ANNOUNCEMENT: AWS Cloud WAN. Easily build, manage, and monitor global Wide Area Networks.

Because it's a networking service I'm already bracing for the pricetag.

Now a customer story: @lizthegrey from @honeycombio.

I love love love how human the slides are.

"We pioneered Observability," which is Hipster Monitoring. Liz is currently on stage so she can't "help me down some stairs" for that observation.

Okay, the Gartner Magic Quadrant® on a slide featuring Honeycomb is just... I don't even know how to properly snark about this.

Liz points out that @honeycombio only has 50 engineers. Now, into the migration story.

Graviton2 led to 10% median latency reduction. 30% improved throughput with Graviton3.

I want to point out that there's always an element of "conferenceware." The part that @lizthegrey isn't saying is that @honeycombio's engineering team is preternaturally good at their jobs. They're significantly ahead of the curve.

I wanted to build the Twitter client I'm using to write this thread (lasttweetinaws.com) on Graviton, but half the regions it's deployed to don't support Graviton Lambda functions. That's the kind of "fun" thing you only find out mid-deployment.

"It's hard to imagine how big 97 Zetabytes really is."

No, but I can tell you how much retail pricing would be to store it in S3. "All the money." AND DO NOT SEND IT TO THE INTERNET!

Data management is an increasing problem. We used to have a natural cleaning function in the form of "failed drives" and "datacenter fires, some of them suspicious." @awscloud has solved for those so now we have to think about these things ourselves.

Honestly, my data strategy is "throw it into S3 Intelligent Tiering and wait," they'll generally innovate on that way faster than I will myself.

Eagerly awaiting an AWS Analytics Service to tell me which AWS Analytics Service to use.

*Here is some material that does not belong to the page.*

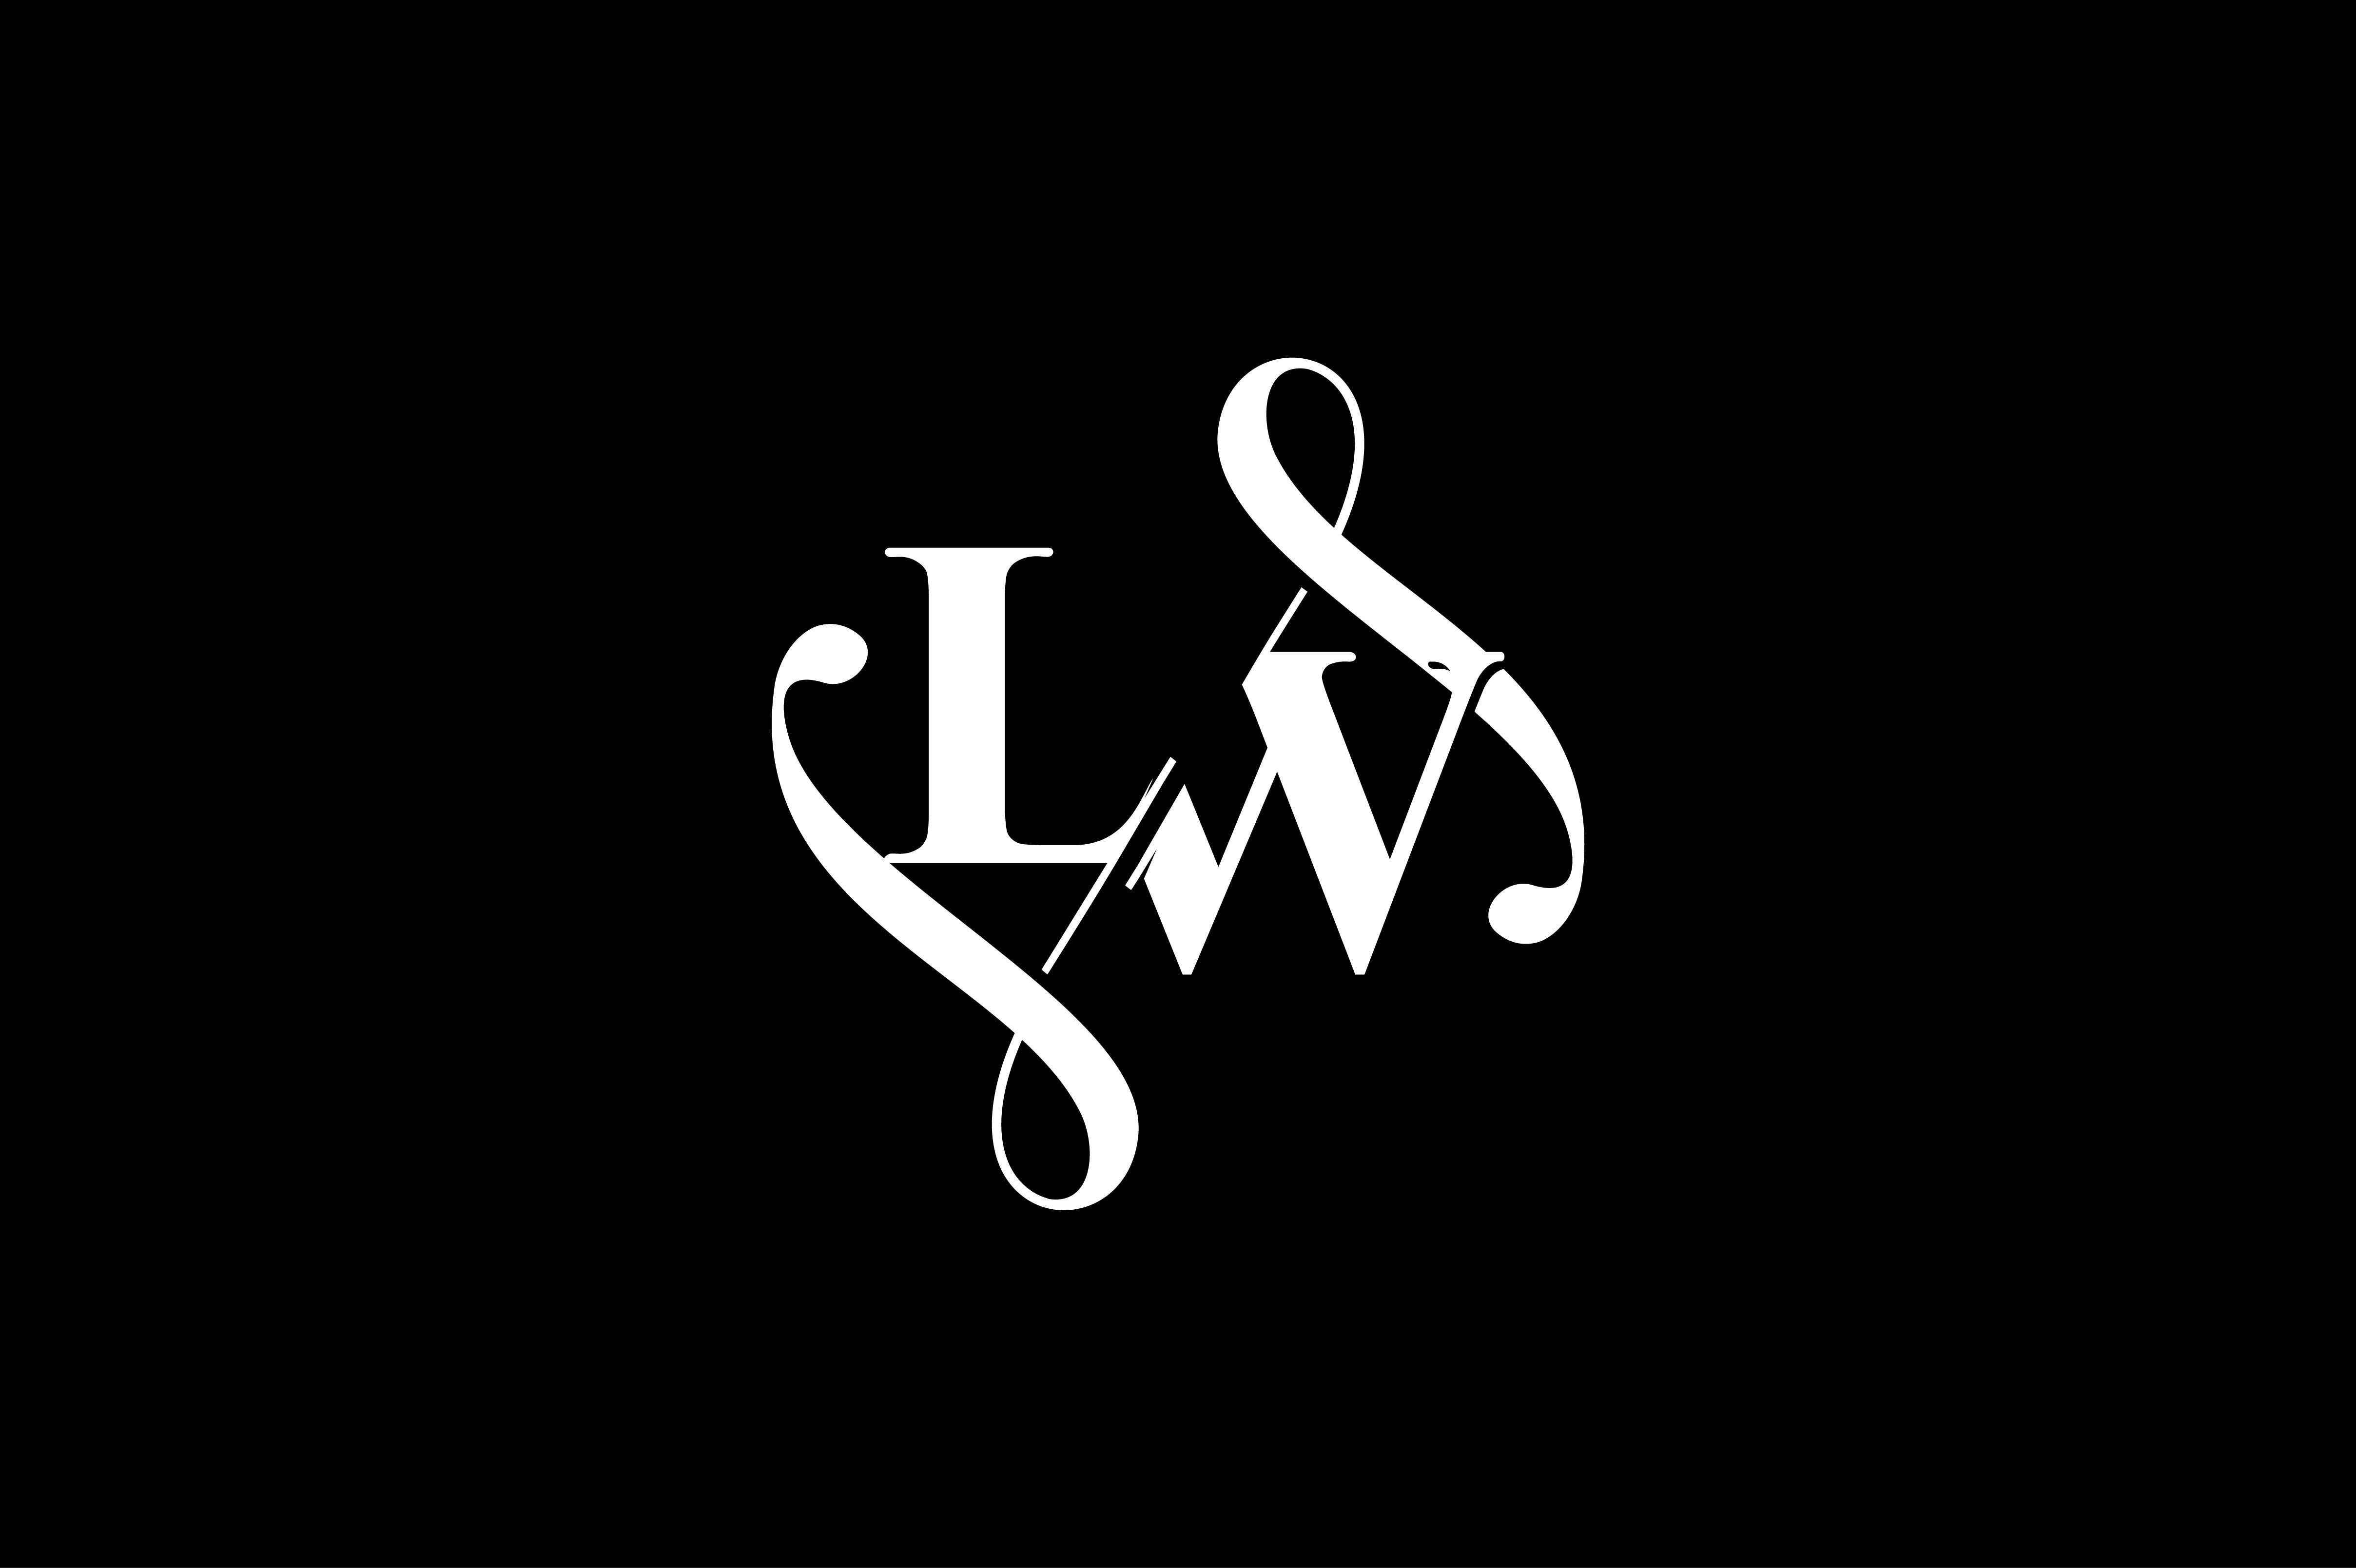 LW Monogram logo Design V6 By Vectorseller | TheHungryJPEG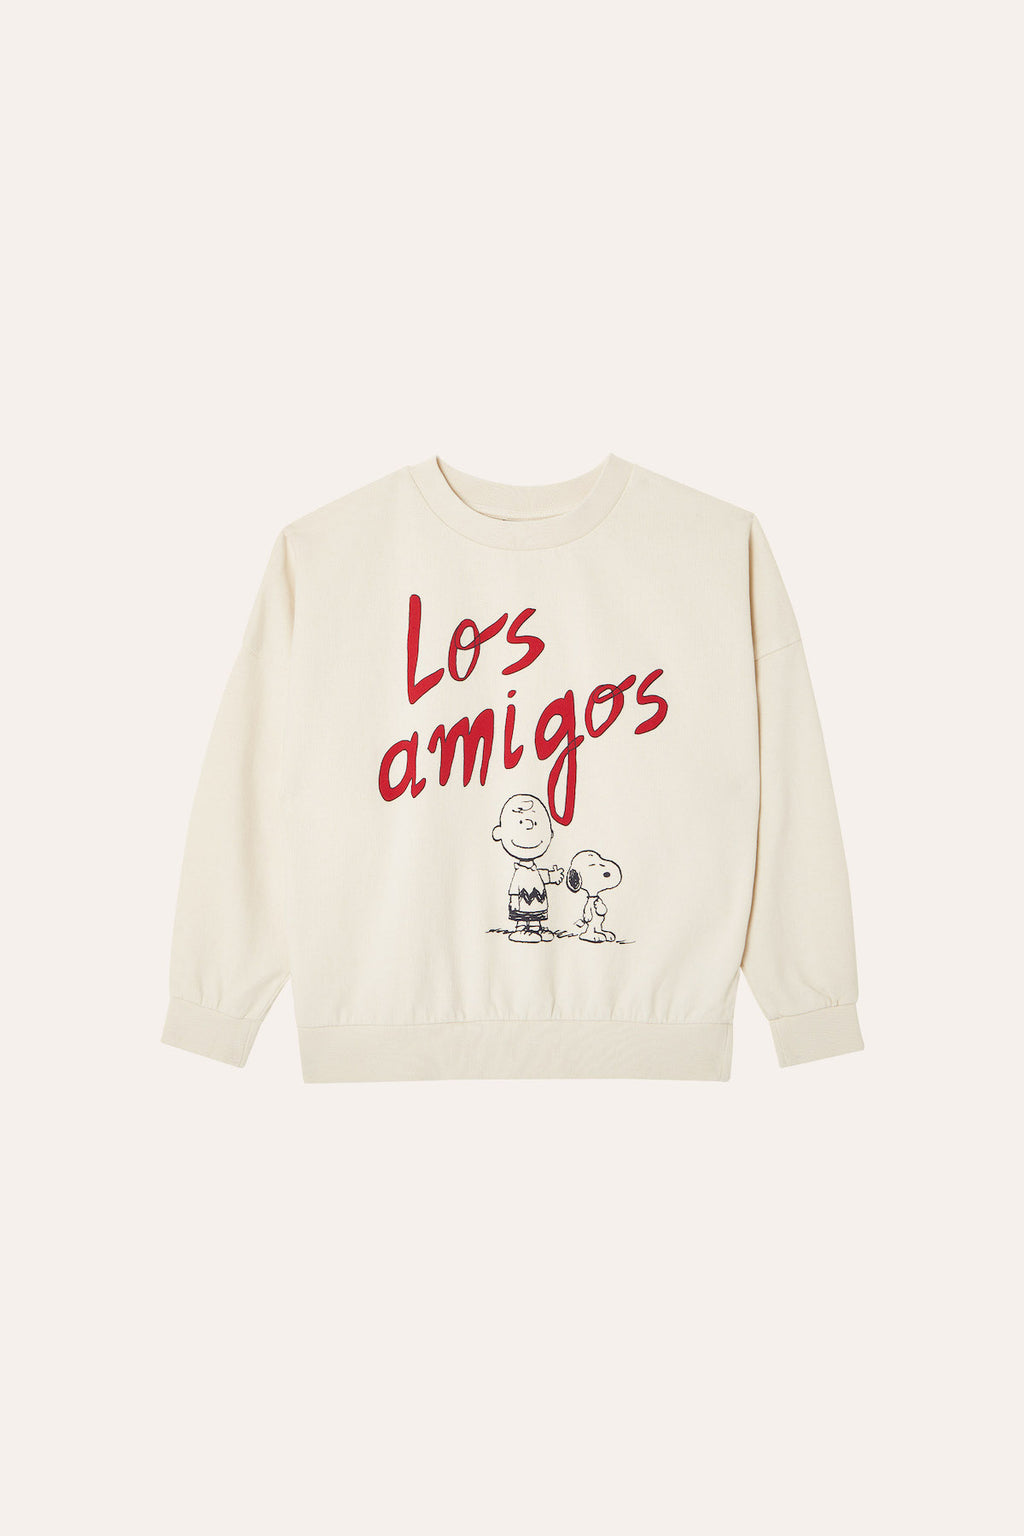 The Campamento Los Amigos Oversized Kids Sweatshirt - White

ANNOUNCEMENT: Amazon Redshift Serverless is GA today.

"We built Amazon QuickSight in 2016 from the ground up." @aselipsky promptly decamped to go turn @tableau into a rocketship.

I make fun of QuickSight. I pay for Tableau.

I *want* QuickSight to be better than it is. I want to use it! I don't want to pay Tableau / Salesforce *more than my @awscloud bill* just for a BI solution!

I'll go into it later, but the newly announced @awscloud Cloud Wan service's pricing is so byzantine / horrible that *I cannot find a way to work it into a screenshot*. More to come on that front.

And as seemingly happens every time there's an #awssummit in the Javits center, a protestor starts screaming incoherently in the back. @thebeebs recovers *excellently*.

No, no, no. "Training 25 million people in Machine Learning®" is the wrong answer, "making it usable enough to use without training" is the right one.

But teaching the next generation is laudable.

Now talking about the DeepRacer League. My money's on @mosescj58 sneaking his actual race-car onto the track.

Now another guest speaker. Elliott Cordo (Head of Data at @CapsuleCares) talking about modernizing the pharmacy experience.

"Day One Analytics" are apparently a necessary part of a microservices architecture. That's not snark, it's an observation.

SageMaker for predict refills but never the SageMaker bill itself.

I'm expecting the keynote conclusion to be @thebeebs and a celebrity customer coming out, touching fingers, and just like the Apple U2 album we all get a surprise downloaded instantly into our @awscloud bills.

Spare a thought for all of the @awscloud employees here putting on the #awssummit instead of being able to spend Prime Day at home with their families.

ANNOUNCEMENT: Amazon DevOps Guru's Log Anomaly Detection is now GA. Now you can pay an @awscloud service to ignore your logs rather than ignoring them manually the way you do today.

"As @werner would say, Now Go Build(tm)." @thebeebs inadvertently conducted a masterclass in how to give a dynamite engaging keynote to many thousands of people.

I hope and expect to see him on the keynote stage again soon.